While an Irish nationalist party will be the biggest at Stormont, the DUP did not perform as badly as predicted.
It had been under enormous pressure after Brexit resulted in a sea border between Great Britain and Northern Ireland.
For reasons known only to the DUP, the party backed the Leave campaign – raising the prospect of a hard border.
Even more baffling was the party’s rejection, at the behest of hardline backbenchers, of Theresa May’s softer Brexit.
Boris Johnson told the DUP’s annual conference that “no British prime minister could countenance a border in the Irish Sea”.
A year later, in his determination to secure a withdrawal agreement, the prime minister agreed a border in the Irish Sea.
Initially, the DUP tried to put a brave face on being thrown under the bus, briefly describing it as “the best of both worlds”.

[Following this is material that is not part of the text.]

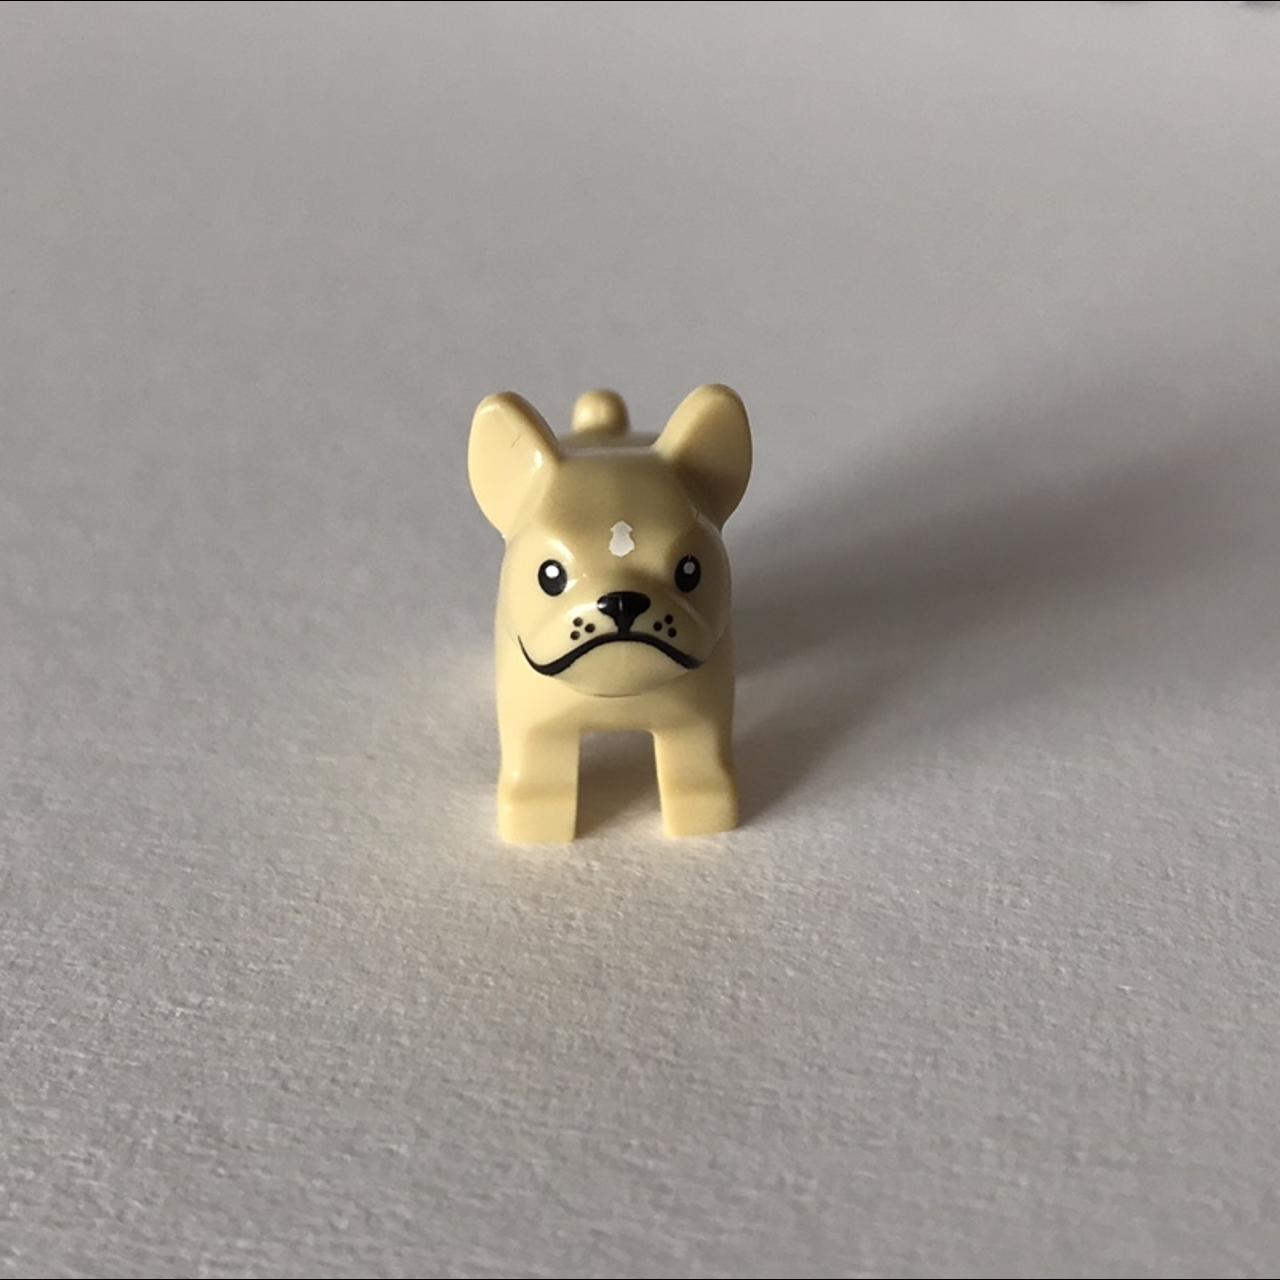 Brand: LEGO Lego golden frenchie / French Bulldog - Depop

In other words, Northern Ireland would be able to boast unique access to both the GB market and the EU market.
But it rowed back rapidly when other Unionists – both hardline and moderate – claimed it had compromised Northern Ireland’s place in the United Kingdom.
Under attack from its own electorate, the DUP demanded that the UK government invoke Article 16, overriding the Brexit Protocol.
But Downing Street cannot afford a trade war with the EU and knows any prospect of a land border could cost it a trade deal with the United States.
With tension at breaking point in Unionist strongholds, the DUP’s internal warfare turned into a very public spectacle.
Having ousted Arlene Foster as leader, Edwin Poots from the party’s ideological wing succeeded her – but only for 21 days.
Sea border anger
Sir Jeffrey Donaldson, the party’s leader at Westminster, became the third leader in the space of three weeks.
When his pleas for the UK government to scrap the sea border went unheard, he pulled the DUP out of the power-sharing government.
It was too little, too late for many Unionists and the subsequent election has opened the door to Sinn Fein.
But Sinn Fein cannot form a government without the DUP, and that leaves power sharing on life support.
Ultimately, Brexit and its consequences may have signalled the end of Good Friday Agreement politics.